Fetching the data required for generating visualizations can be computationally expensive, especially on large datasets. Lux provides a extensible framework for users to pick their own execution backend for data processing. We currently support Pandas (default, lux.executor.PandasExecutor) and SQL (lux.executor.SQLExecutor). In this tutorial, we explain how to use switch to SQL as an execution backend, as an example of how you can use a different data processing mechanism in Lux.

Please refer to lux.executor.Executor, if you are interested in extending Lux for your own execution backend.

SQL Executor

Lux extends its visualization exploration operations to data within SQL databases. By using the SQL Executor, users can specify a SQL database to connect a Lux Dataframe for generating all the visualizations recommended in Lux.

Connecting Lux to a Database

Before Lux can operate on data within a Postgresql database, users have to connect their Lux Dataframe to their database. To do this, users first need to specify a connection to their SQL database. This can be done using the psycopg2 package’s functionality.

import psycopg2
connection = psycopg2.connect("dbname=example_database user=example_user, password=example_password")

Once this connection is created, users can connect their Lux Dataframe to the database using the Lux Dataframe’s set_SQL_connection command.

lux_df.set_SQL_connection(connection, "my_table")

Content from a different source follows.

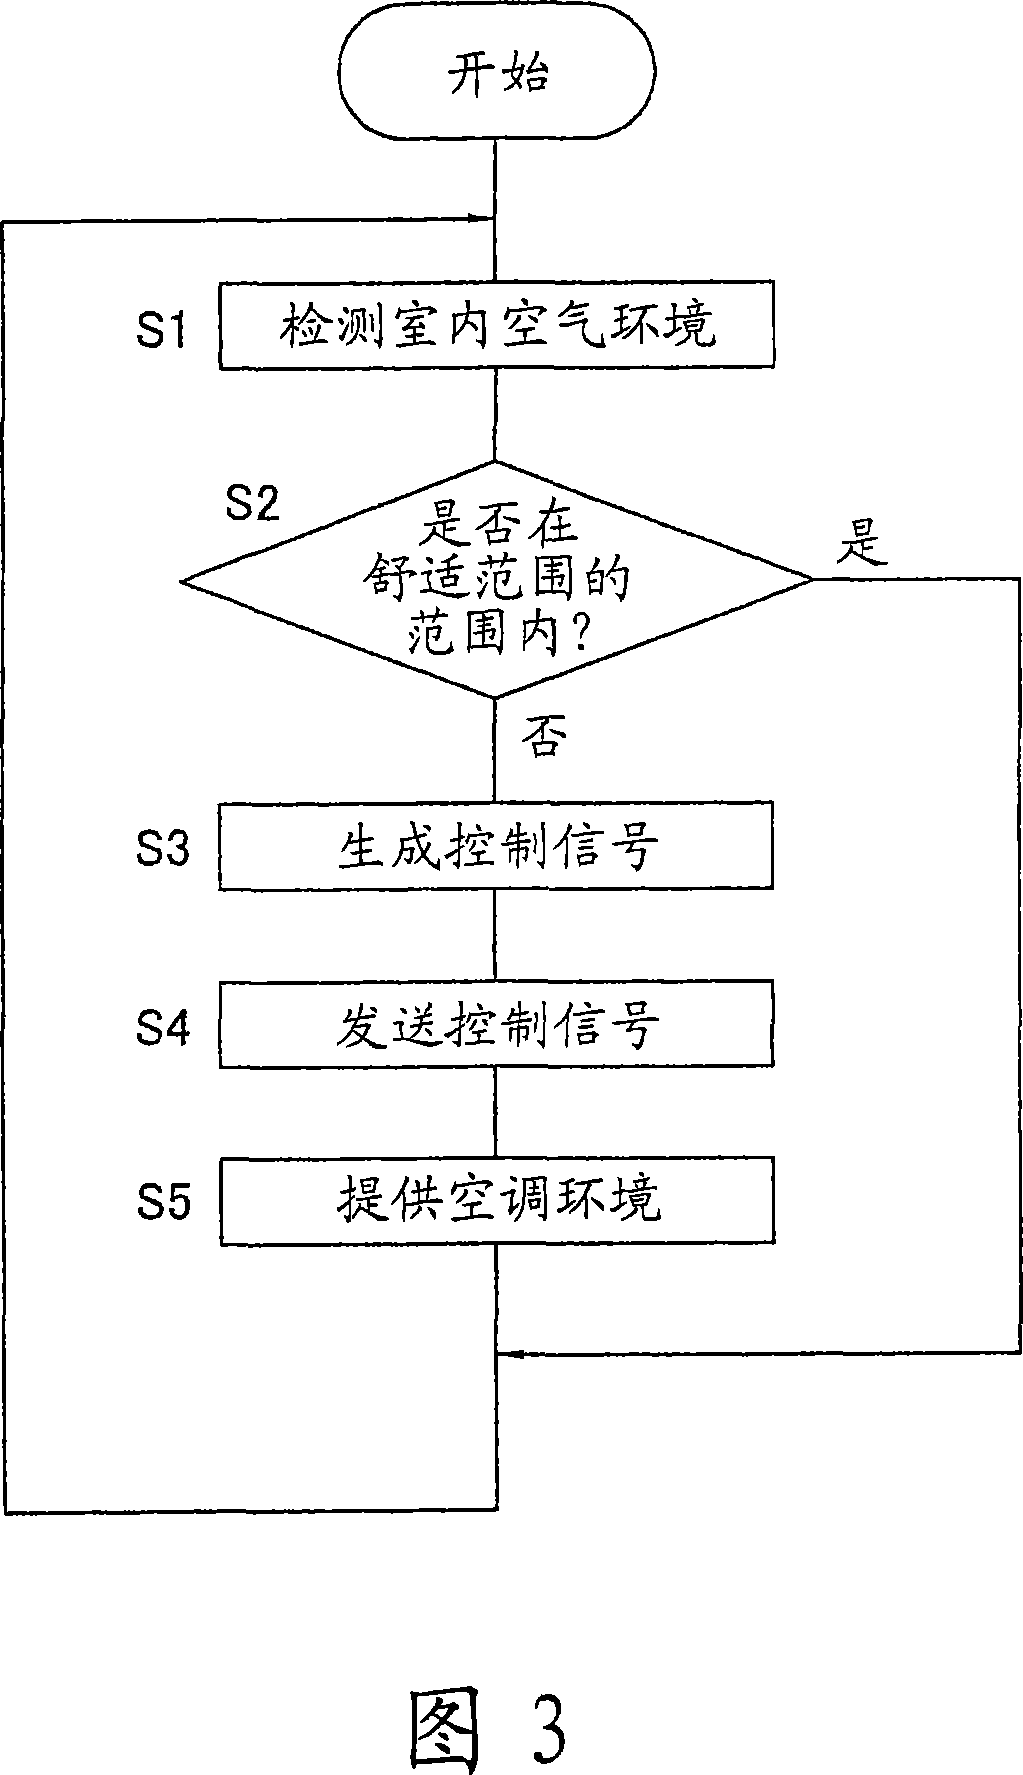 Environment navigation device and program, system and method

When the set_SQL_connection function is called, Lux will then populate the Dataframe with all the metadata it needs to run its intent from the database table.

Choosing an Executor

Once a user has created a connection to their Postgresql database, they need to change Lux’s execution engine so that the system can collect and process the data properly. By default Lux uses the Pandas executor to process local data in the Lux Dataframe, but users need to use the SQL executor when their Lux Dataframe is connected to a database. Users can specify the executor that a Lux Dataframe will use via the set_executor_type function as follows:

lux_df.set_executor_type("SQL")

Once a Lux Dataframe has been connected to a Postgresql table and set to use the SQL Executor, users can take full advantage of Lux’s visual exploration capabilities as-is. Users can set their intent to specify which variables they are most interested in and discover insightful visualizations from their database.

SQL Executor Limitations

While users can make full use of Lux’s functionalities on data within a database table, they will not be able to use any of Pandas’ Dataframe functions to manipulate the data. Since the Lux SQL Executor delegates most data processing to the Postgresql database, it does not pull in the entire dataset into the Lux Dataframe. As such there is no actual data within the Lux Dataframe to manipulate, only the relevant metadata required to for Lux to manage its intent. Thus, if users are interested in manipulating or querying their data, this needs to be done through SQL or an alternative RDBMS interface.